The main biological consequences of UPR activation are the recovery of ER proteostasis (adaptive response) and the induction of a terminal UPR (apoptotic phase). One of the first responses to ER homeostasis imbalance involves global translational attenuation to reduce entry of newly synthesized proteins into the ER. This is in part achieved through PERK-mediated phosphorylation of eIF2α, but also through RIDD of mRNAs encoding secretory proteins or ribosomal RNAs. Recently, a general mechanism leading to translation shutdown was uncovered that results in massive detachment of translating ribosomes from the ER membrane upon ER stress61. Another safeguard set in place by the ER to alleviate stress involves an increased clearance of misfolded proteins.
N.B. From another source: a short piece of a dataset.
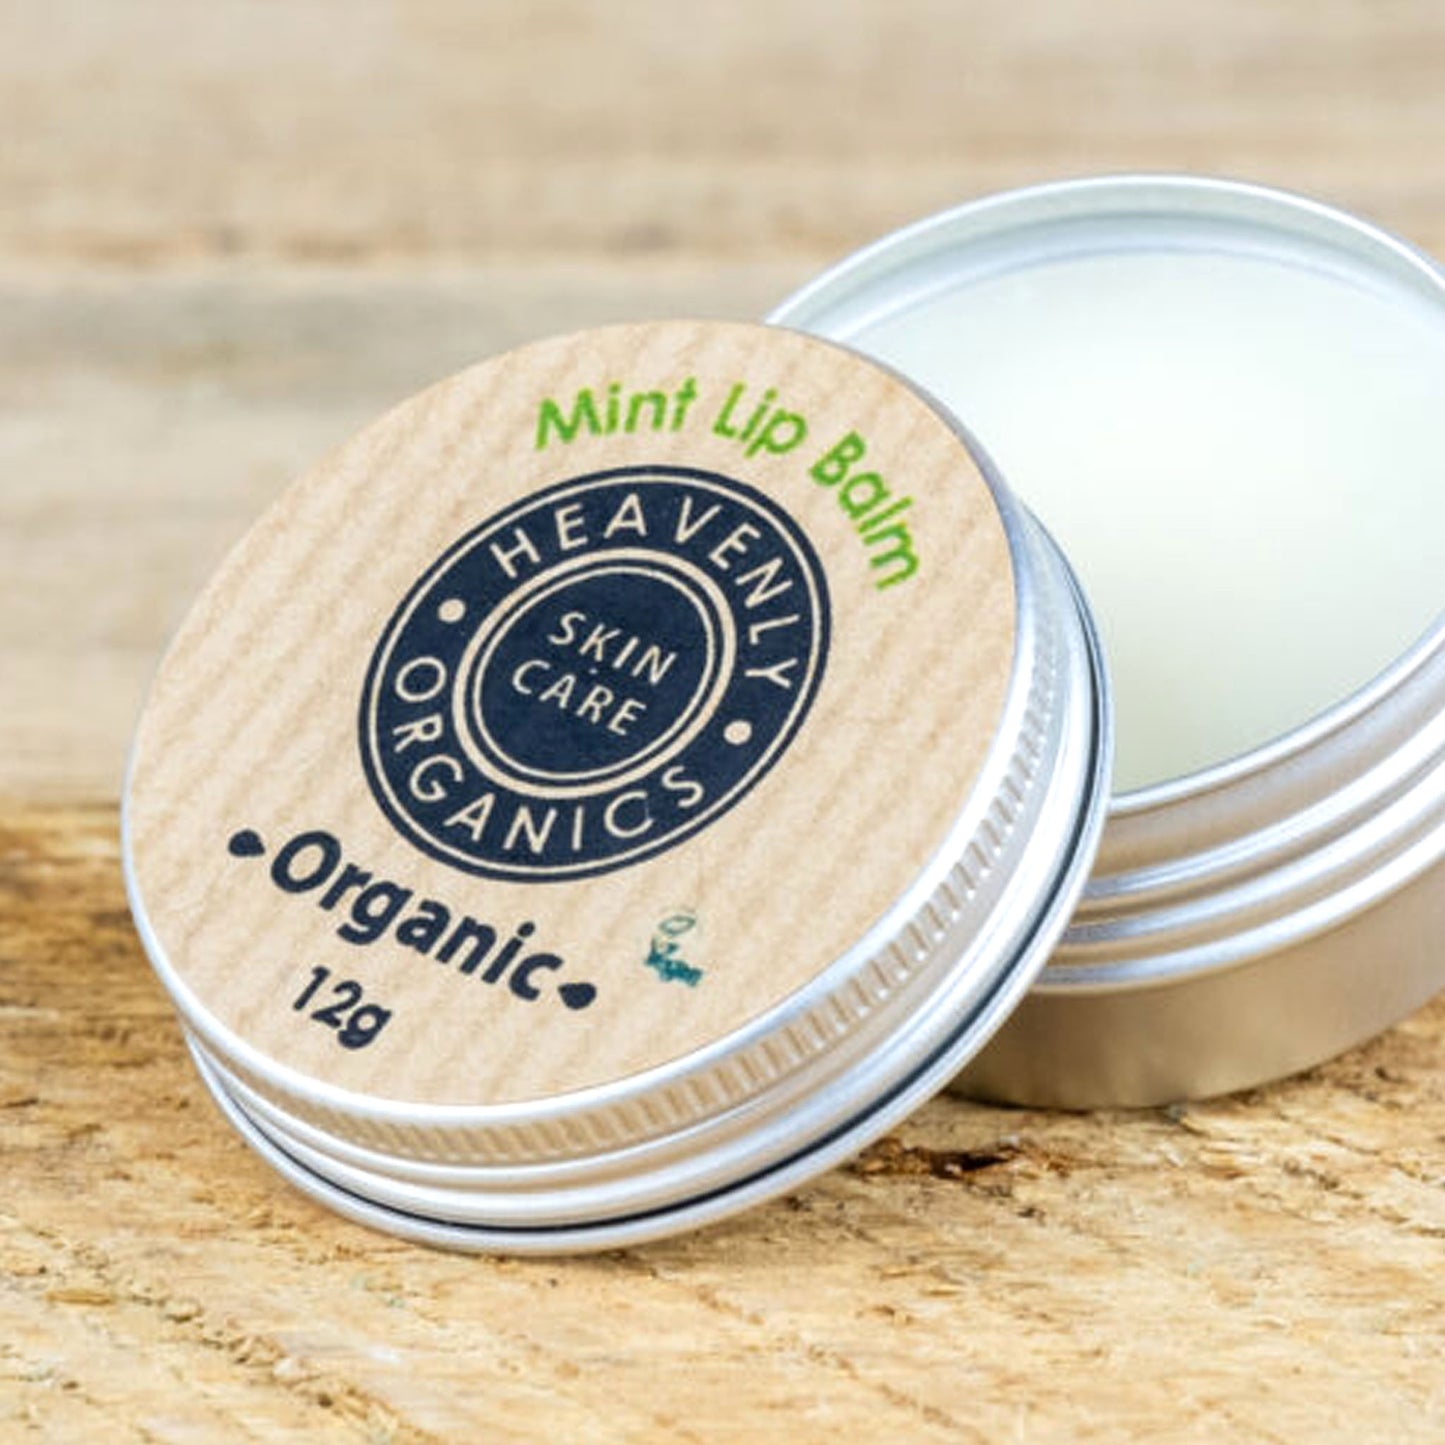 Heavenly Organics mint lip balm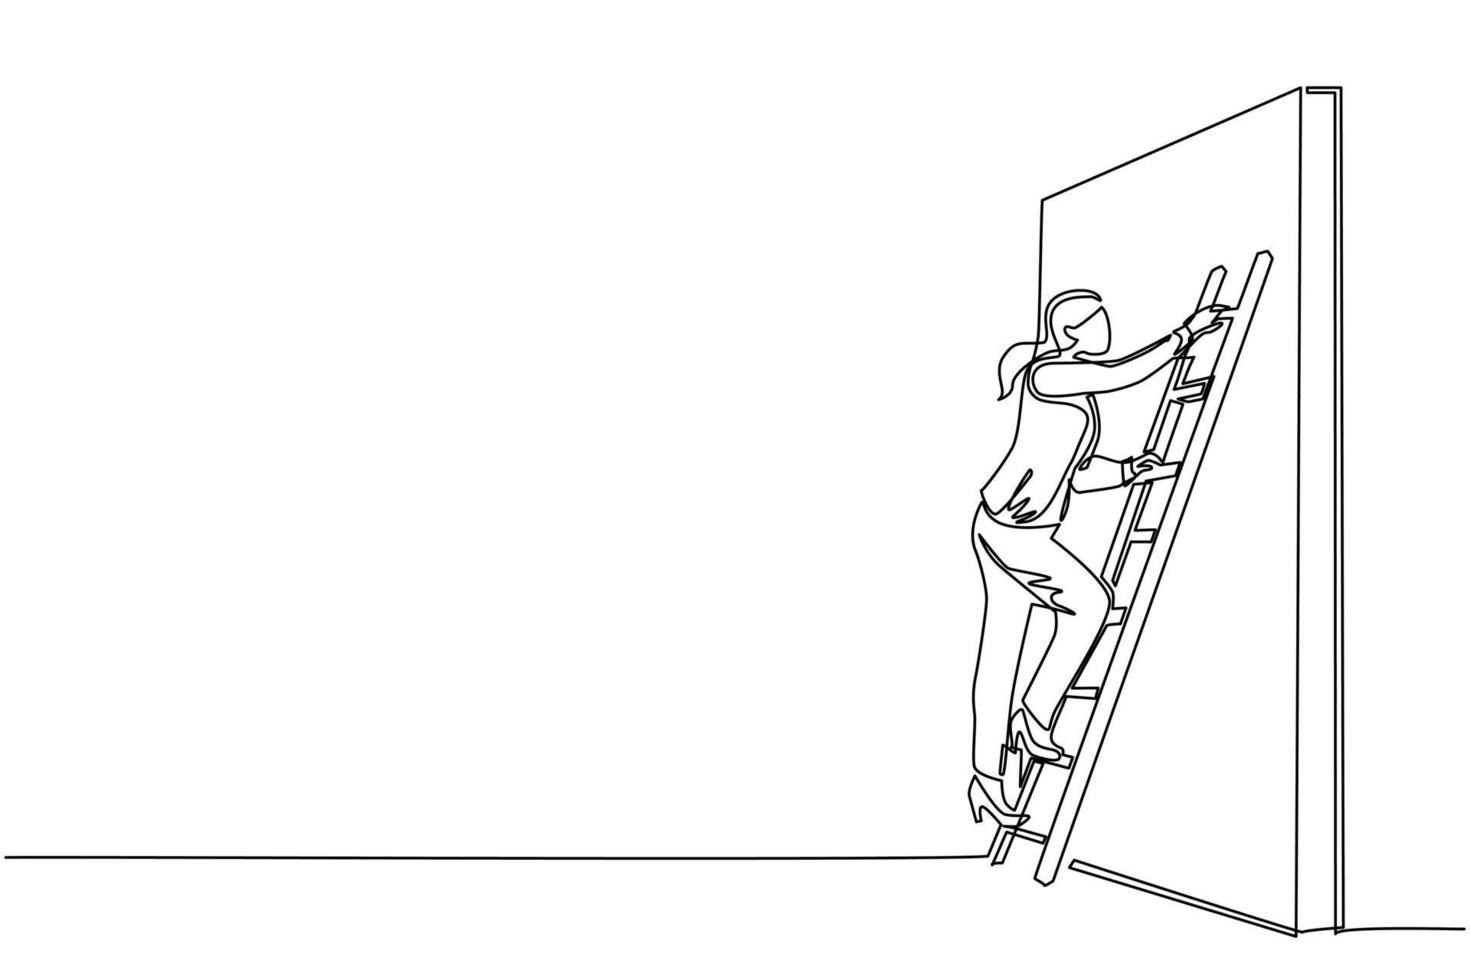 dibujo continuo de una línea mujer de negocios subiendo por la pared con escalera. metáfora del obstáculo comercial. símbolo para el crecimiento profesional, encontrando una solución creativa. ilustración de vector de diseño de dibujo de una sola línea

Although this has been shown to be controlled by ERAD and autophagy 62, 63, a recent study has demonstrated that misfolded GPI-anchored proteins can escape ER retention and translocate to the plasma membrane where they are then degraded by the lysosomal pathway64. Finally, in order to re-establish homeostasis within the ER lumen, ER stress also leads to the activation of amino-acid metabolism and improvement of antioxidant responses, in addition to the reinforcement of folding and quality control mechanisms65. Altogether, these events reduce the misfolding burden on the ER thereby allowing the organelle to recover homeostasis.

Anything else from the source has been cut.